Пушка молчит. В окопе трещит, захлебывается пулемет Кривенка. Задорожный гребет пальцами землю и жмется под бруствер. В бешенстве от предчувствия неотвратимой гибели я толкаю Задорожного сапогом в бок, кричу:

— Заряжай, сволочь!

Он боком, как рак, медленно переползает к ящикам. Я, оторвавшись от командира, сам хватаю снаряд и окровавленными руками загоняю его в ствол. Из шеи Желтых снова вырывается тонкая струя, но тут же ослабевает и, когда я снова подползаю к командиру, пропадает совсем.

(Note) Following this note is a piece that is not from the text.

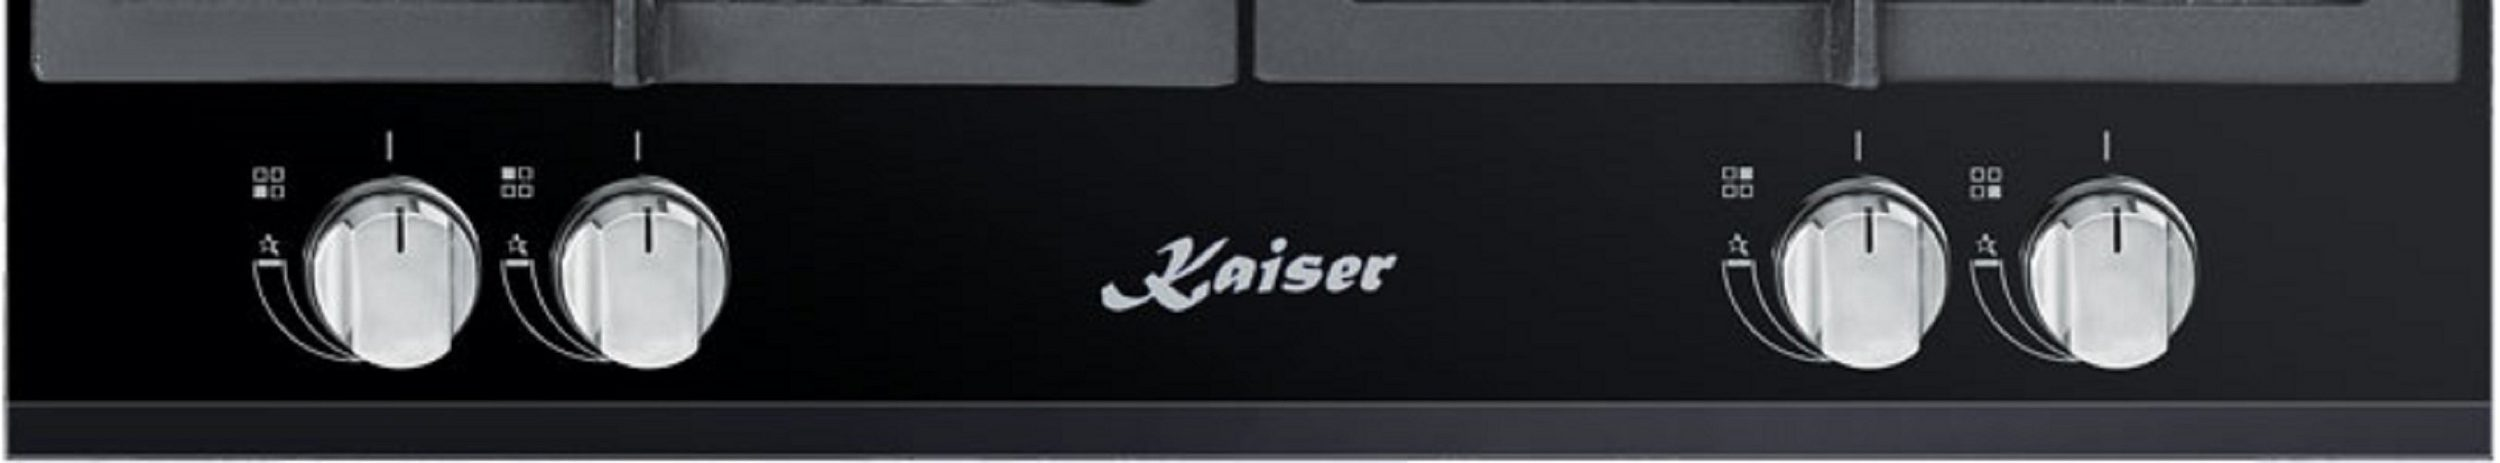 KAISER KCG 6394 Kochfelder) Gas (51 cm 4 breit

Остекленевшие глаза Желтых останавливаются...

Кажется, все! Конец!

Я бросаюсь к снарядам — танк в пятидесяти шагах, не больше. Одной гусеницей он подминает под себя остатки кукурузной кучи и взмахивает в воздухе длиннющим стволом. Из-под его днища упруго бьют в землю струи дыма и пыли. Попов секунду медлит и вдруг снова вскакивает со станины. Грохает выстрел.

— В окоп... Быстро!

Сквозь пыль я успеваю заметить, как танк однобоко дергается вперед. Будто споткнувшись, с разгона клюет стволом в землю и замирает. Впереди острыми зубцами торчит направляющее колесо; гусеницы на нем нет. Танк стоит к нам бортом.

Подбили!

Но орудие его вдруг оживает. Скрипнув, описывает полукруг башня, и огромный танковый ствол направляется в нас. Попов, не целясь, крутит маховички паводки, и наш накаленный, короткий стволик с самоотверженной готовностью спешит навстречу.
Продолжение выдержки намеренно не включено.